┌─ STUDY MATERIAL

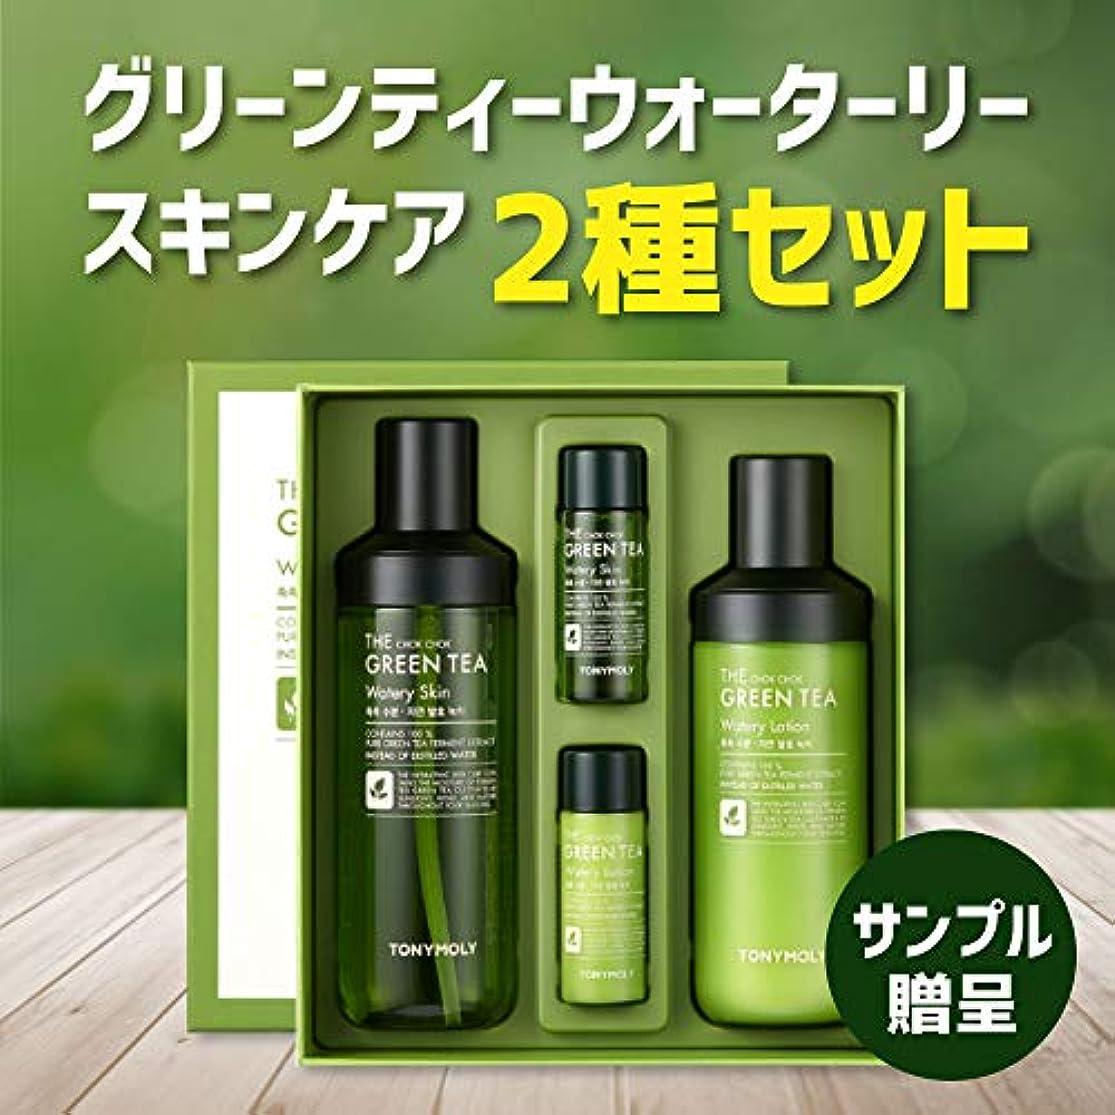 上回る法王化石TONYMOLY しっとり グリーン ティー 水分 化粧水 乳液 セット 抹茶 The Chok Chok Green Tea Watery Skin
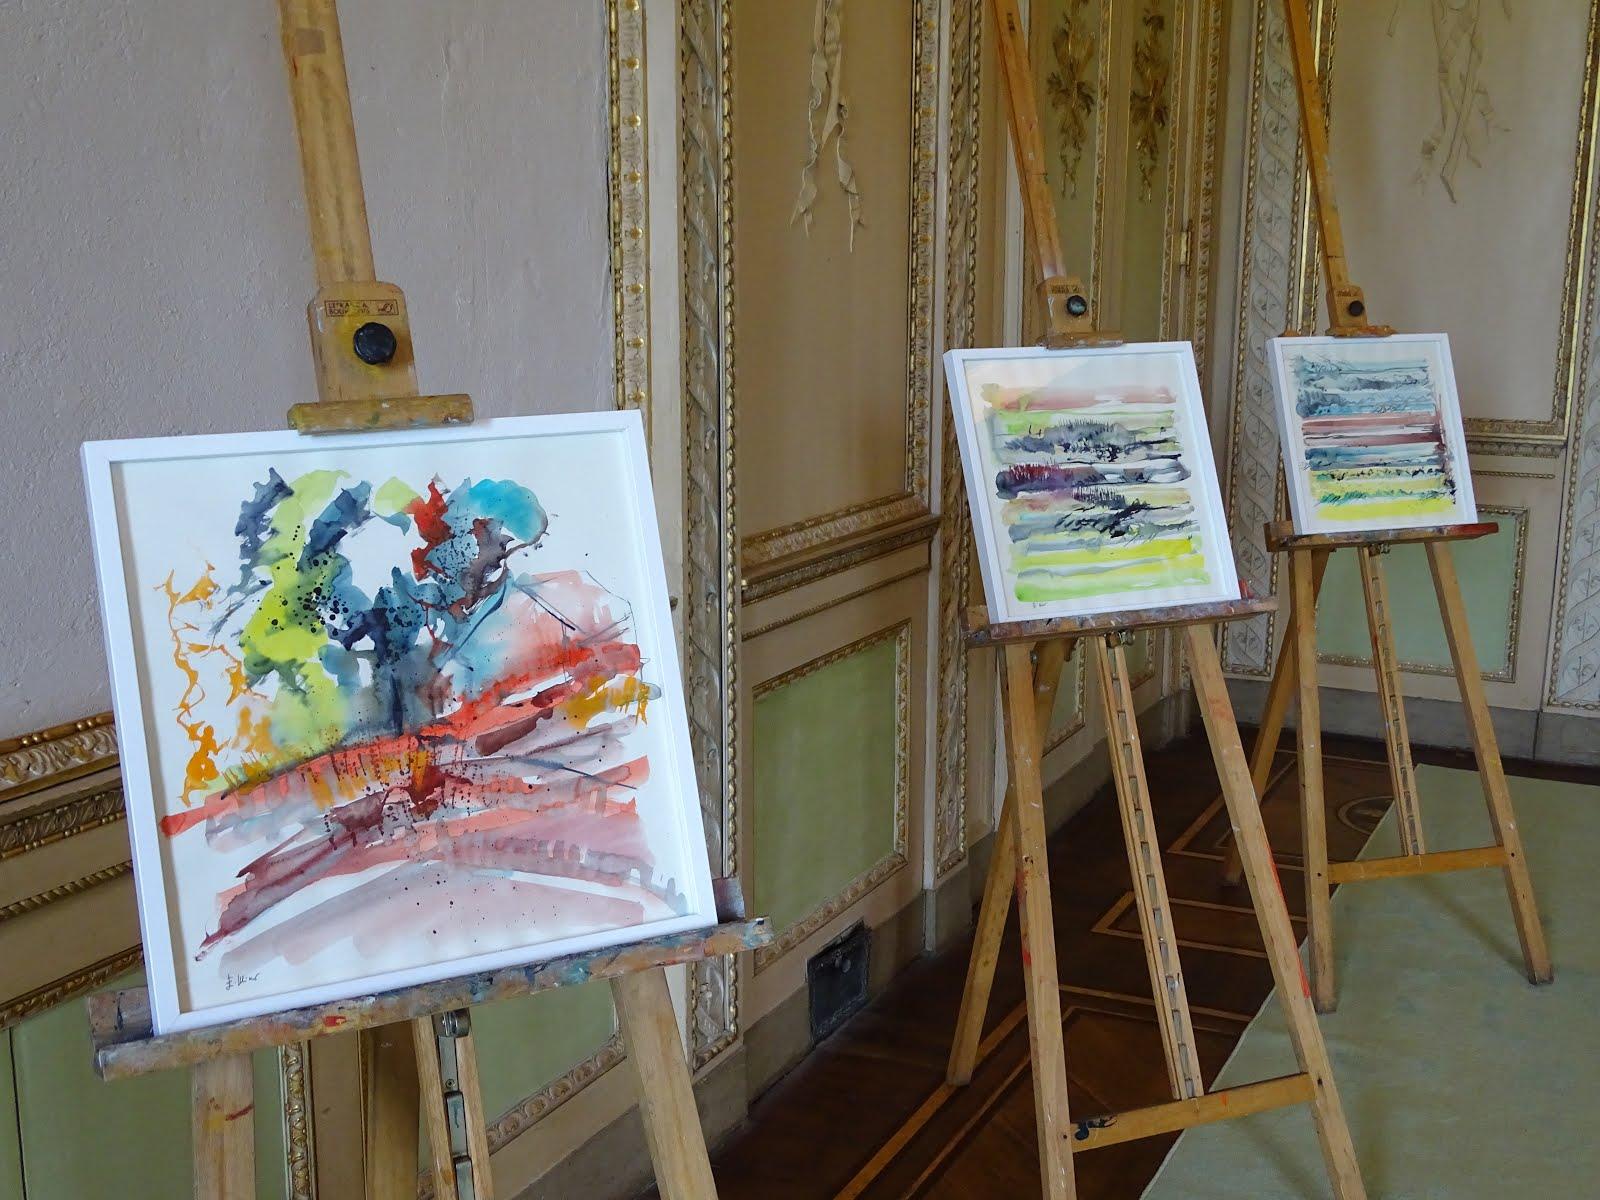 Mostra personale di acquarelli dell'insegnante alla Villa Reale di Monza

└─
┌─ STUDY MATERIAL

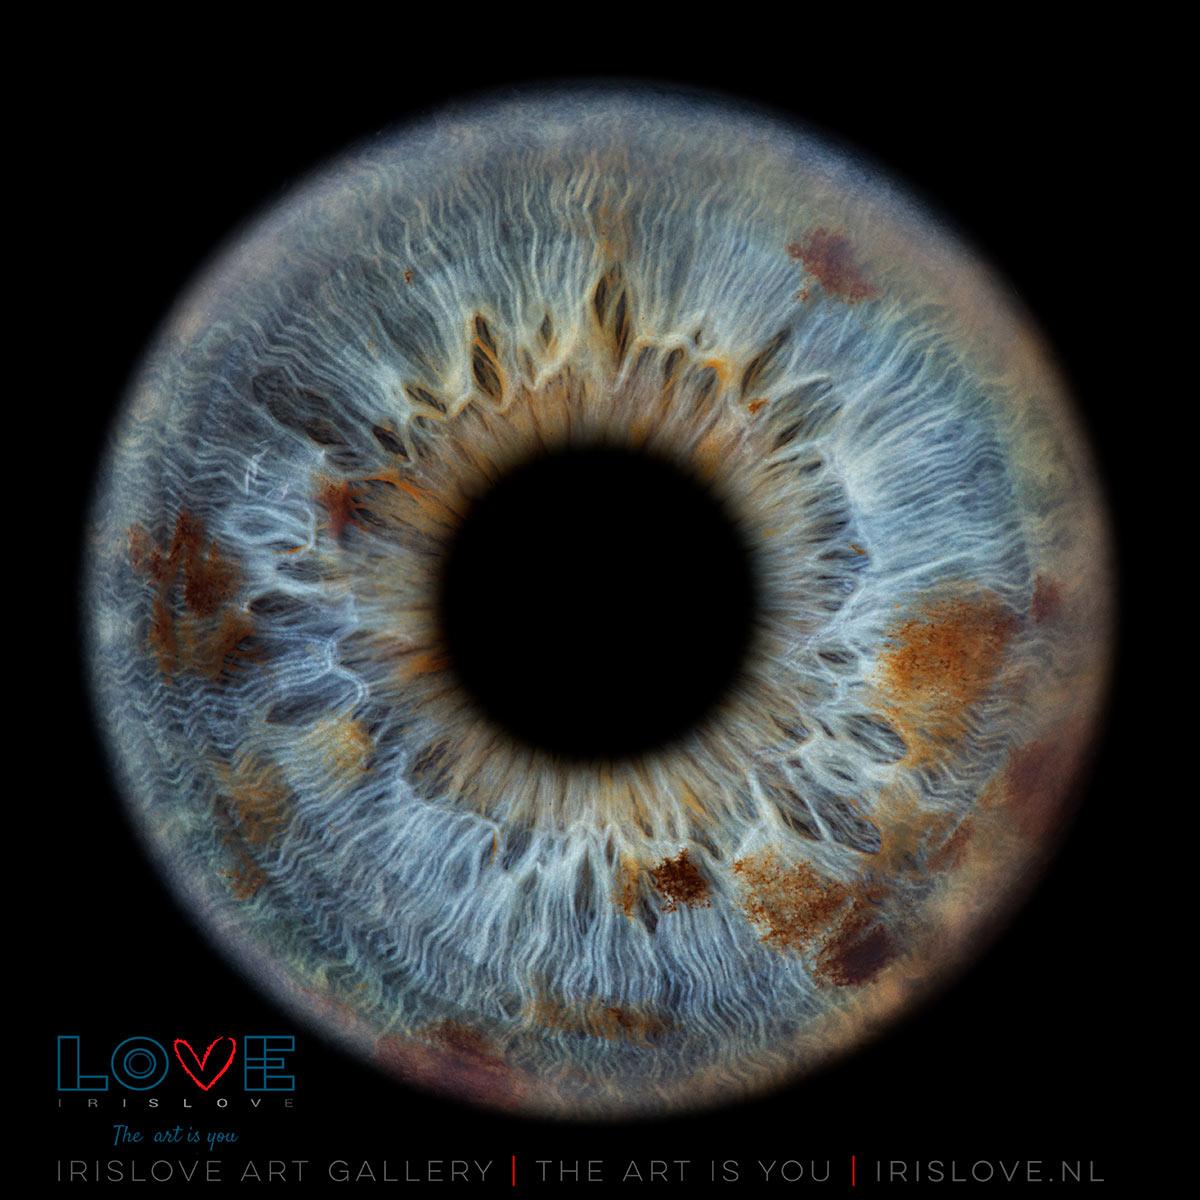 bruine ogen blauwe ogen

└─

EXERCISE PROMPT
Pictures are to be left out. Write out only the lines above starting at the one with "上回る法王化石TONYMOLY しっとり グリーン" and ending at the one with "Mostra personale di", both lines included, exactly.

RESULT FOR THIS TASK
 上回る法王化石TONYMOLY しっとり グリーン ティー 水分 化粧水 乳液 セット 抹茶 The Chok Chok Green Tea Watery Skin
 Mostra personale di acquarelli dell'insegnante alla Villa Reale di Monza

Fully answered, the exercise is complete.